Hypnosis is also an important symbol. Reality is portrayed as extremely barren and dreary. The neon signs of a huge, bustling city shower meaninglessness upon the characters. The only way to escape this painful space is hypnosis, which has long been associated with a supernatural power to transcend the mundane world.

But the reliance on hypnosis generates a dilemma. Suk-won's uncontrollable wish to be loved by Ji-su is fulfilled only when he uses hypnosis. In reality, his life remains shattered, and love still unattainable. "It's all the more painful because I know she and I are now living under the same sky", Suk-won says. Yes, they live on the same earth, but he finds no way to communicate his love properly.

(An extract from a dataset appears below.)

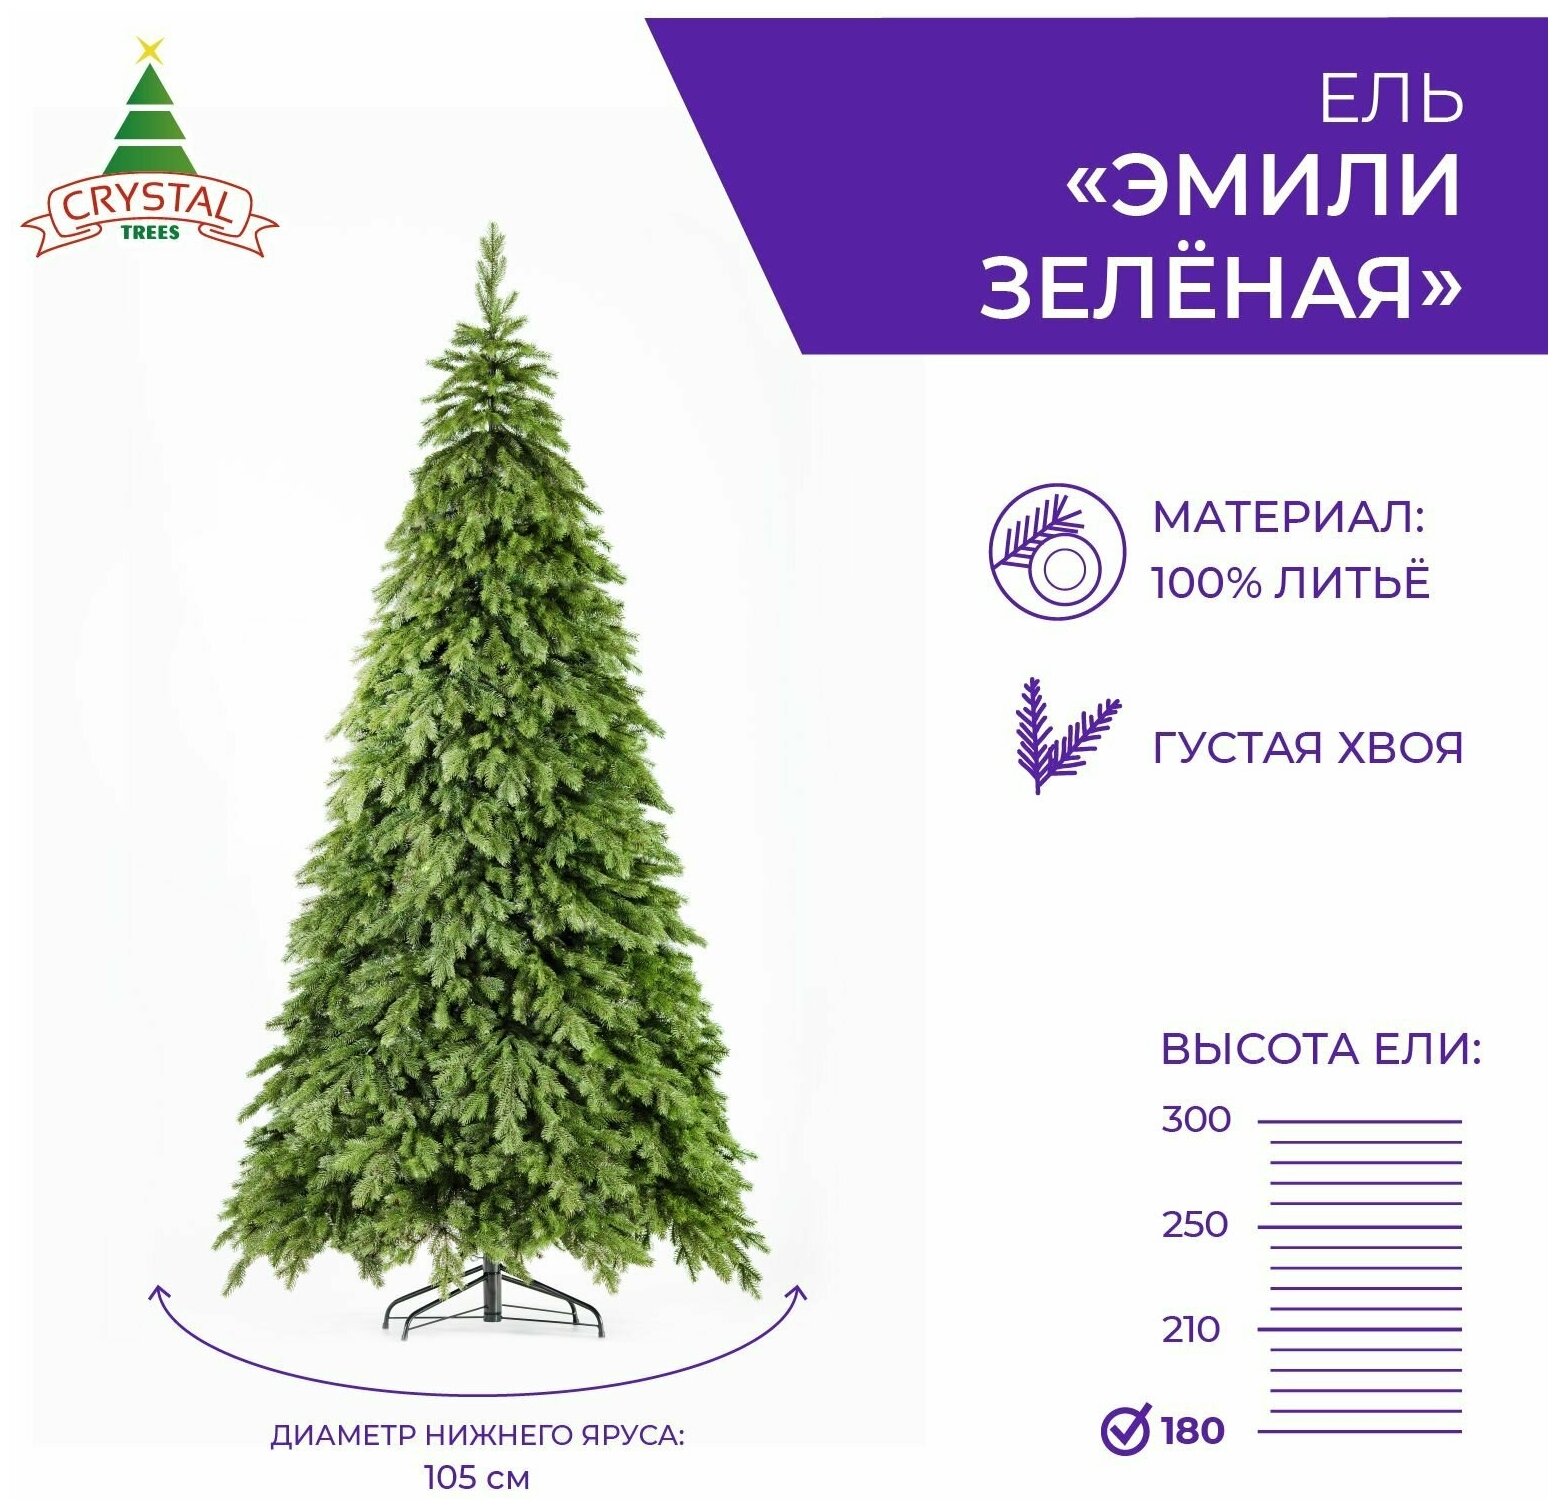 Искусственная елка новогодняя Литая Crystal Trees эмили зеленая ,высота 180 см
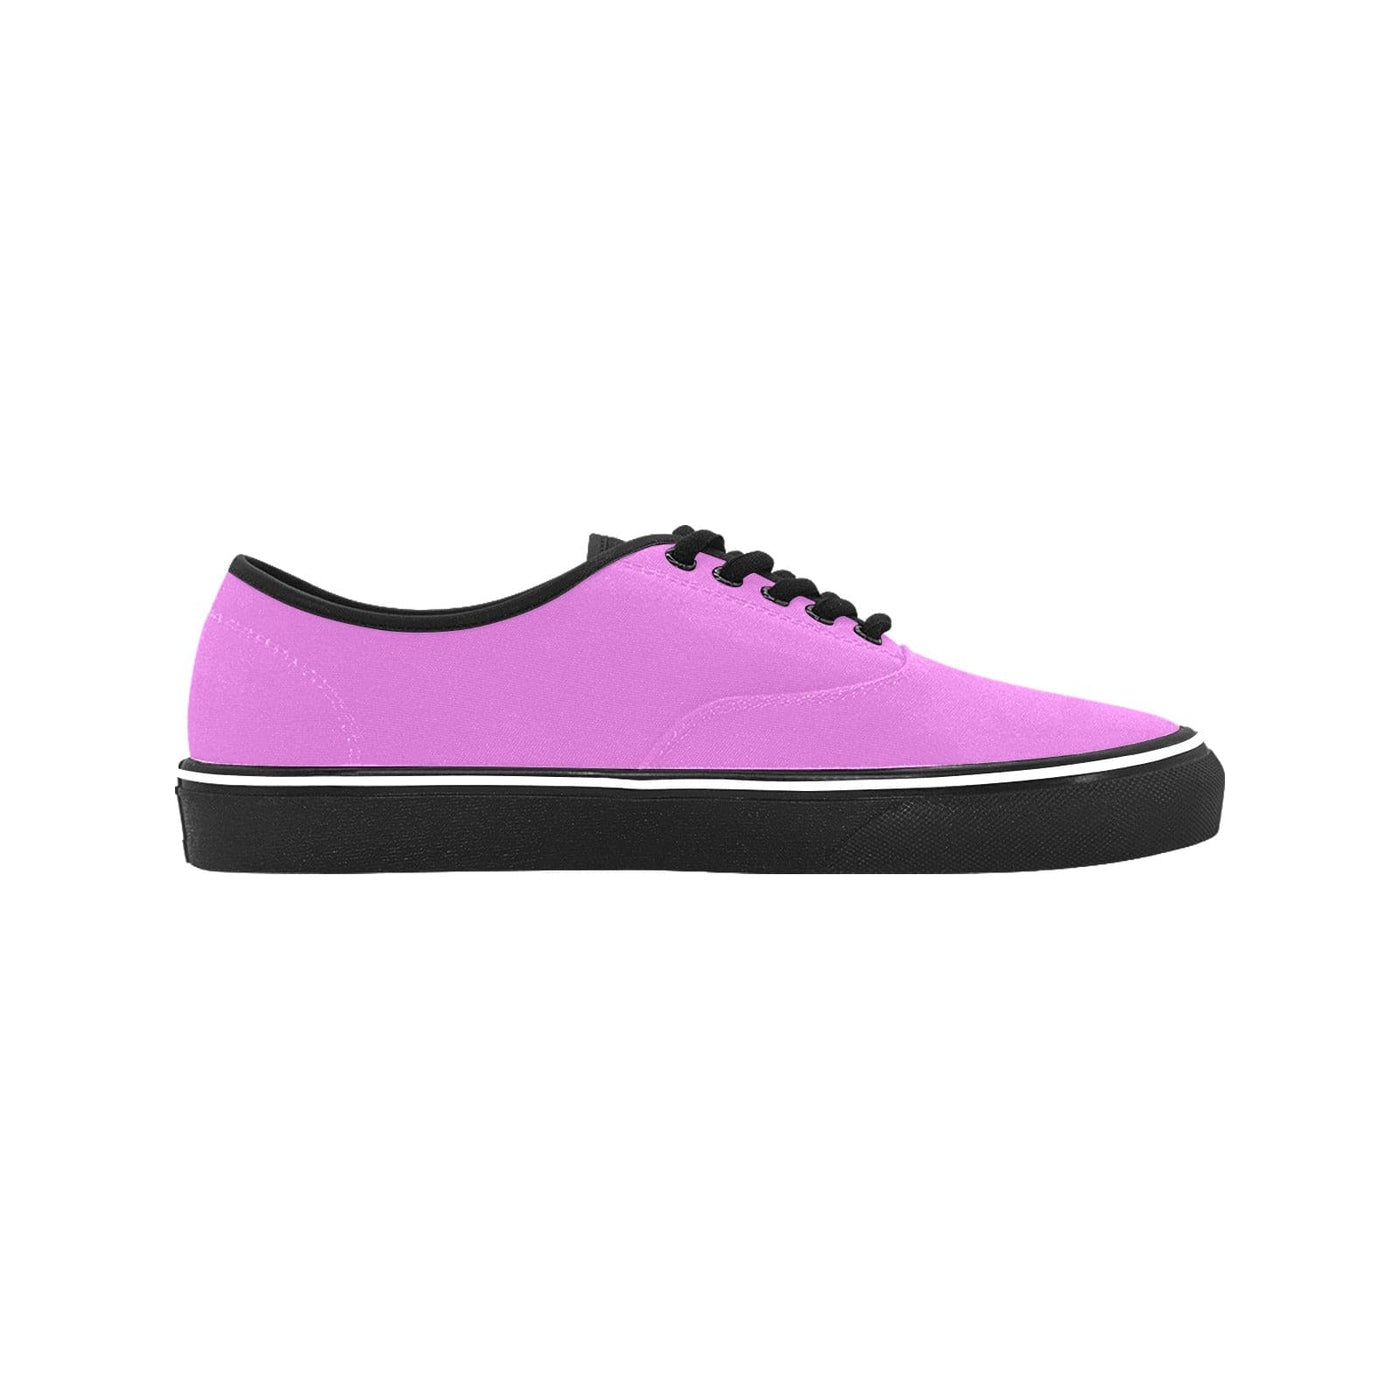 Womens Sneakers Purple Lavender Canvas Skate Shoes Size 7.5 - Deals | Shoes

One illustration of this broken communication channel comes from mobile phones. After Suk-won's wife dies, he receives voice messages left for her by her secret lover, who has no knowledge she is dead. The lover keeps calling, and using her handset Suk-won keeps listening to these tortuous one-sided communications.

Mobile phones are supposedly interactive, but they can be crippling for those in ill-fated relationships. When there is no longer love or affection, calls go unanswered and voice messages are deleted without even being played.

Since one can readily check whether the recipient is responding to one's desperate calls for attention, mobile phones can deal a consuming blow to those who have lost their lovers.

Even without mobile phones, however, unreturned love can make people desperate and rend them deeply. This tragic, destructive and universal aspect of love has inspired countless poets to write mournful verses.

The director's repeated use of the number eight as a symbol is linked to the nature of fatal love. When an electronic clock in Suk-won's room shows only eight in its display, his psychological state reaches a destructive point. Suk-won also inserts "eight roses" in his hypnotic phrases to manipulate Ji-su.

In Asian culture, the number eight usually refers to repetition of events or a return to the starting point, which means that the painful relationship between Suk-won and Ji-su will likely be repeated by other people in this postmodern society where communications are often blocked and misinterpreted, forming an open-ended chain of depression and despair.

Separately, the local media has spotlighted unprecedented nude scenes by Kim Hye-soo, the first in the actress's 19-year career. She exceeds expectations with a bold and confident performance.

All in all, the movie throws a couple of issues to the Korean audience. For all their denials, human beings are always vulnerable to destruction when their love relationships go awry and hypnotic despair and loneliness set in. What would you do if you made a terrible mistake and you couldn't help agonizing over a ravaged relationship? Don't we all have inherent fear of being rejected and denied?

The mesmerizing aspect of love is irresistibly tempting, but its pernicious other side can crush even iron hearts when things go wrong. Hypnotically wrong.